Rate this Page

UniformActionTokenizer#

class torchrl.data.vla.UniformActionTokenizer(num_bins: int, *, low: float | Tensor, high: float | Tensor, action_dim: int | None = None)[source]#

Per-dimension uniform-bin action tokenizer (RT-2 / OpenVLA style).

Each action dimension is discretized into num_bins equal-width bins over [low, high]; encode() returns the bin index and decode() returns the bin center. The round-trip is lossy with error bounded by half a bin width, (high - low) / (2 * num_bins).

Parameters:

num_bins (int) – number of bins per action dimension.

Keyword Arguments:
  • low (float or torch.Tensor) – per-dimension lower bound. Actions are clamped to [low, high] before binning.

  • high (float or torch.Tensor) – per-dimension upper bound.

  • action_dim (int, optional) – action dimensionality. Required only when low/high are scalars and you want a per-dimension shape.

Examples

>>> import torch
>>> from torchrl.data.vla import UniformActionTokenizer
>>> tok = UniformActionTokenizer(256, low=-1.0, high=1.0)
>>> tokens = tok.encode(torch.tensor([-1.0, 0.0, 1.0]))
>>> tokens
tensor([  0, 128, 255])
>>> torch.allclose(tok.decode(tokens), torch.tensor([-0.998, 0.002, 0.998]), atol=1e-2)
True
>>> tok.vocab_size
256

See also

RobotDatasetMetadata carries the action_low/action_high bounds used by from_metadata().

property action_dim: int | None#

The per-dimension action size, or None for scalar bounds.

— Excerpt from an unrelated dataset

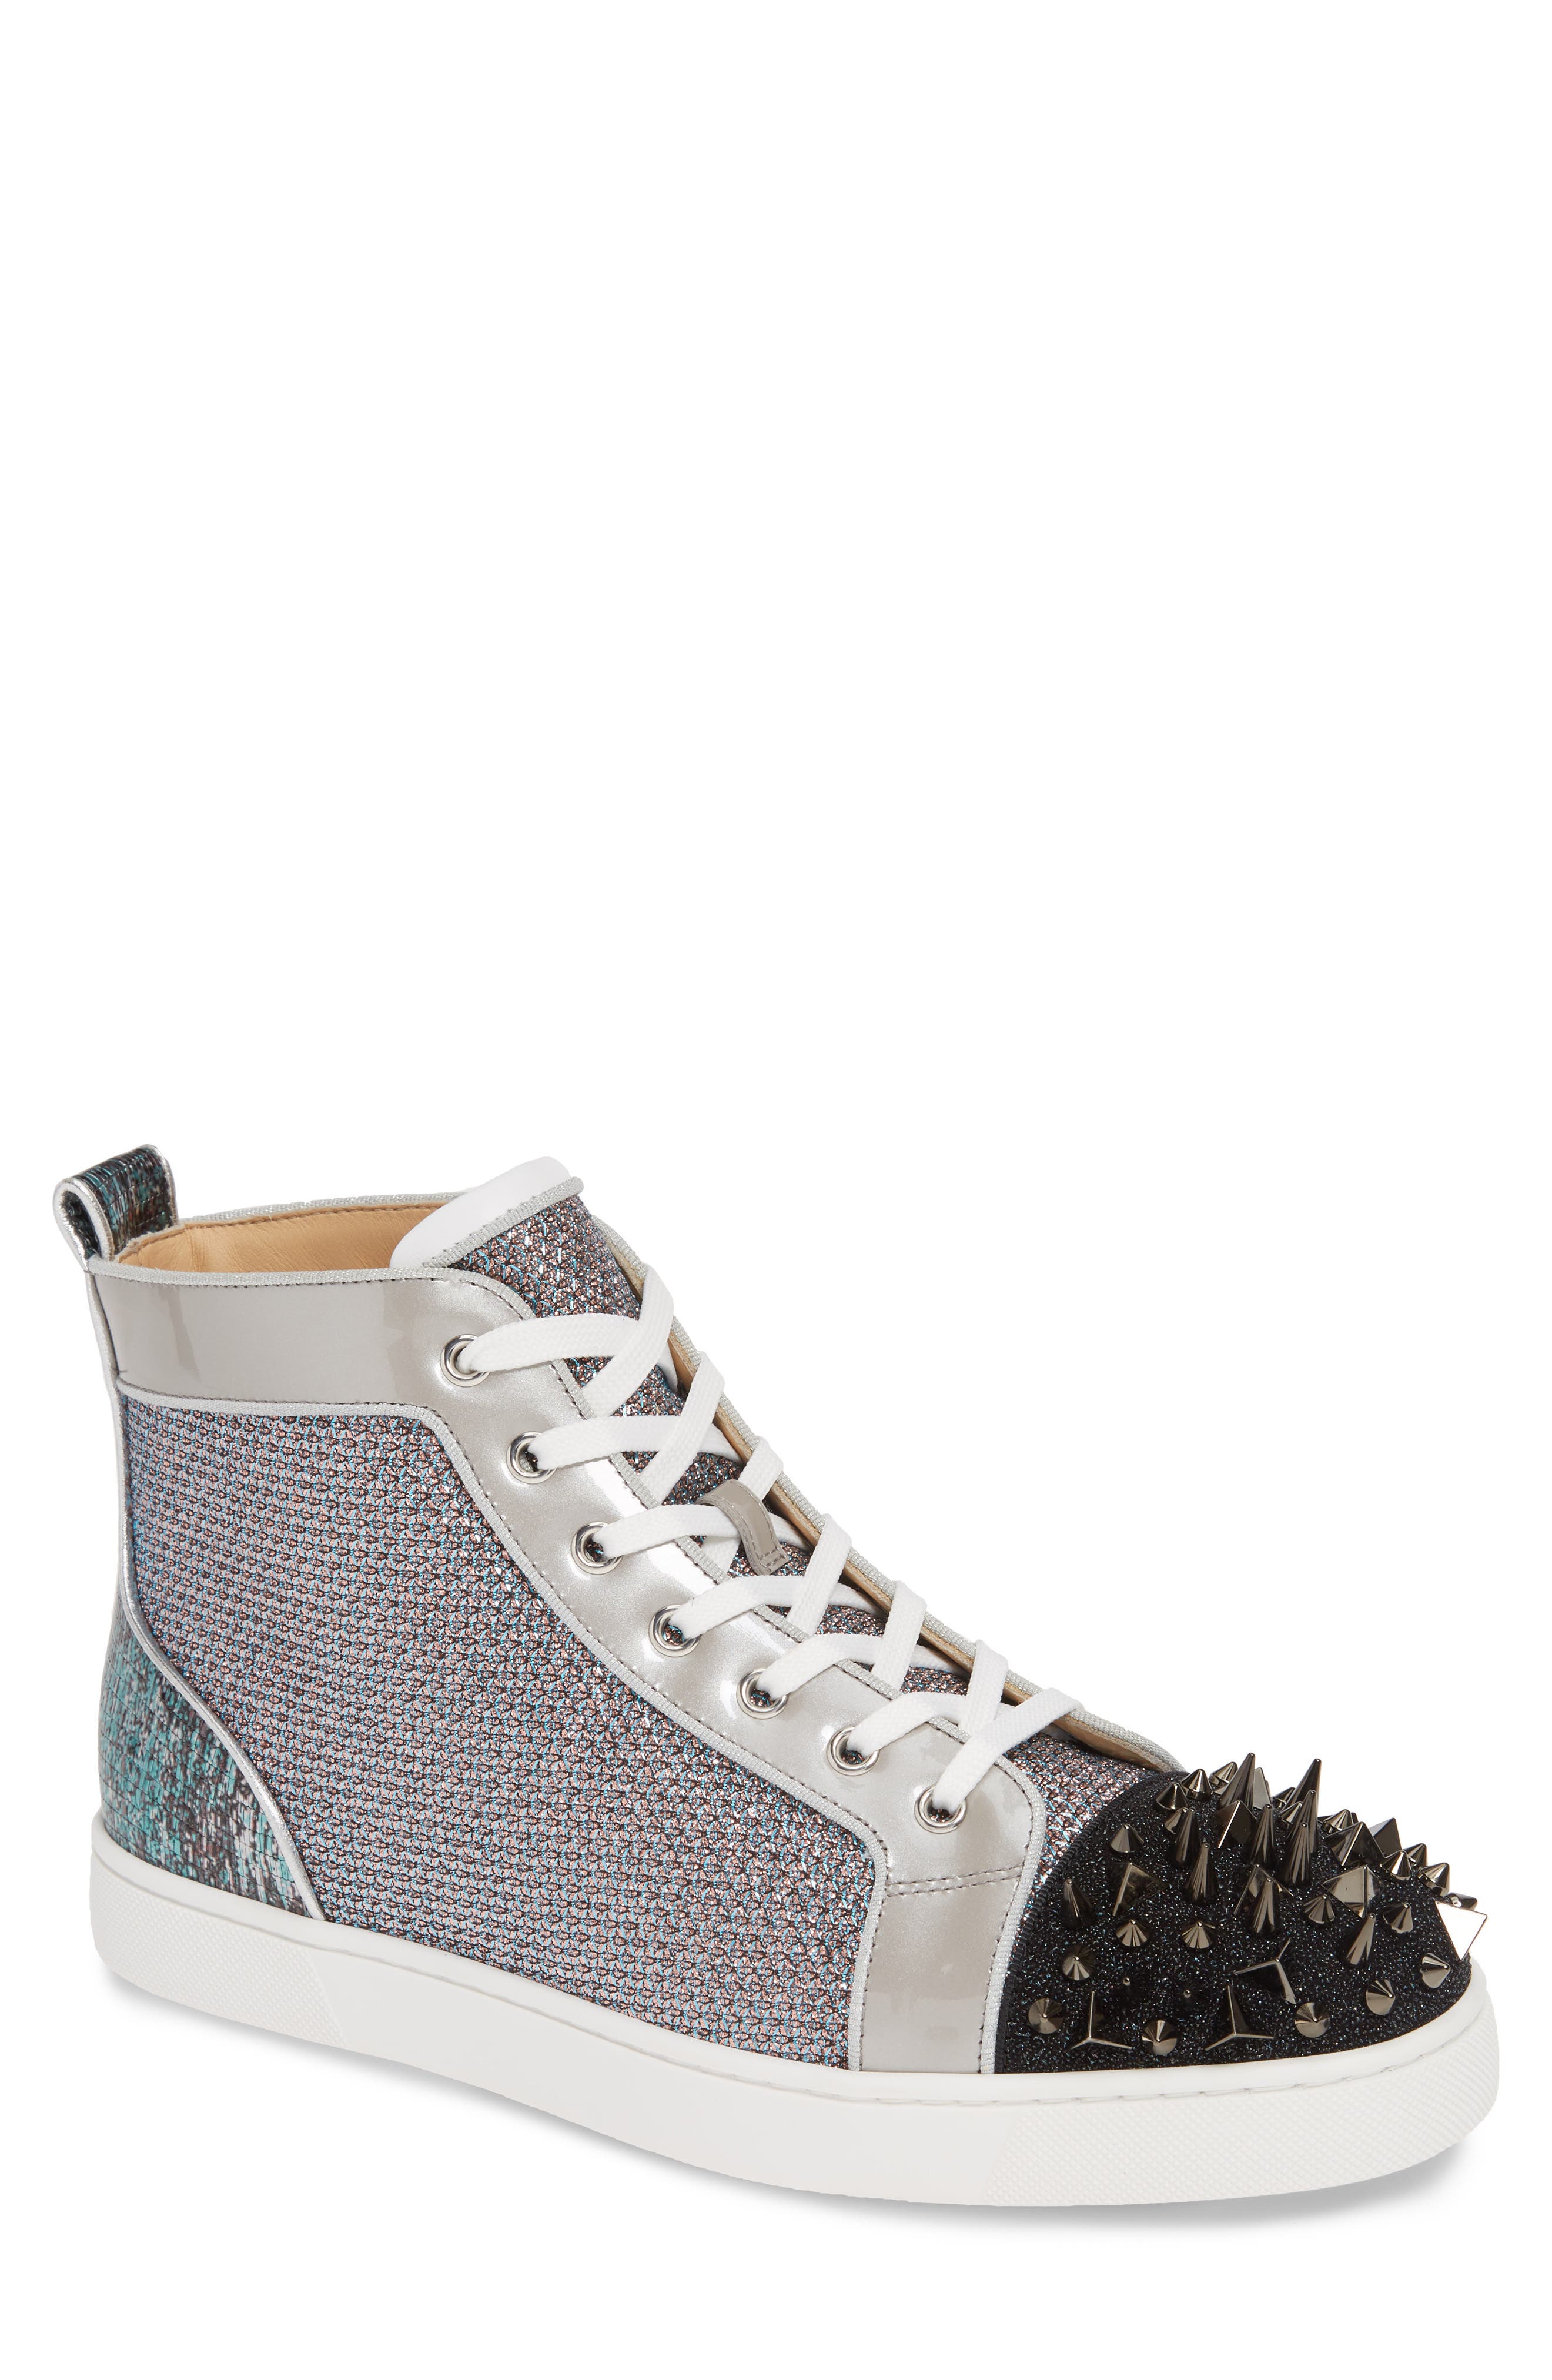 louboutin trainers high top

decode(tokens: Tensor) Tensor[source]#

Map token ids back to continuous actions [..., action_dim].

encode(actions: Tensor) Tensor[source]#

Map continuous actions [..., action_dim] to token ids (long).

classmethod from_metadata(metadata: RobotDatasetMetadata, num_bins: int) UniformActionTokenizer[source]#

Build from the action_low/action_high of a RobotDatasetMetadata.

property vocab_size: int#

Number of distinct token ids the tokenizer can emit per position.